[Records contained in a dataset]
= Beginning of Section =

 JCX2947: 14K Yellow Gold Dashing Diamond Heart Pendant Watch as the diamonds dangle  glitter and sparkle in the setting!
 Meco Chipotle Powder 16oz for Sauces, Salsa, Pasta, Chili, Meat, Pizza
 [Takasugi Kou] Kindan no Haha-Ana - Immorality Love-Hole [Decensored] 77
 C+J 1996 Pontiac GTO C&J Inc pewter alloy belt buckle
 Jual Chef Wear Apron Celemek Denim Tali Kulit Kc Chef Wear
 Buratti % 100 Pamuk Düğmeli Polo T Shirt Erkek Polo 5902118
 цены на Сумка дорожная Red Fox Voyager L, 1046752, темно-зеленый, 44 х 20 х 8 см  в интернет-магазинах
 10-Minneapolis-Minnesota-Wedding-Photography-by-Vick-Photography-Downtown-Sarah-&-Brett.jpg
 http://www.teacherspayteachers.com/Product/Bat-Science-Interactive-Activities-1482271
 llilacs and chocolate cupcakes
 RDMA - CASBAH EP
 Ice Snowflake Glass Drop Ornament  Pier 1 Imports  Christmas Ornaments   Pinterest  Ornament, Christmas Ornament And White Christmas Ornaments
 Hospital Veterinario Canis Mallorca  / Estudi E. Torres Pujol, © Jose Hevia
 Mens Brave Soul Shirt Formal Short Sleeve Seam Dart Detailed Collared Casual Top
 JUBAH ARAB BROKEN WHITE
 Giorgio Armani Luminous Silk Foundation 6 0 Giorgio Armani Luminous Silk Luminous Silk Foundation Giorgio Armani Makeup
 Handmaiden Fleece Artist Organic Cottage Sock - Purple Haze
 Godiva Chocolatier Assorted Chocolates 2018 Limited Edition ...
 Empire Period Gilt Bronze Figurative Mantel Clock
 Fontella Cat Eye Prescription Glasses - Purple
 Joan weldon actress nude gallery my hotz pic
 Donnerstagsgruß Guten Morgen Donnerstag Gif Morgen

= End of Section =

[What to produce]:
The line containing "Fontella Cat Eye" and all lines after it, to the end of the records, are to be output exactly and alone.

[Your response]:
 Fontella Cat Eye Prescription Glasses - Purple
 Joan weldon actress nude gallery my hotz pic
 Donnerstagsgruß Guten Morgen Donnerstag Gif Morgen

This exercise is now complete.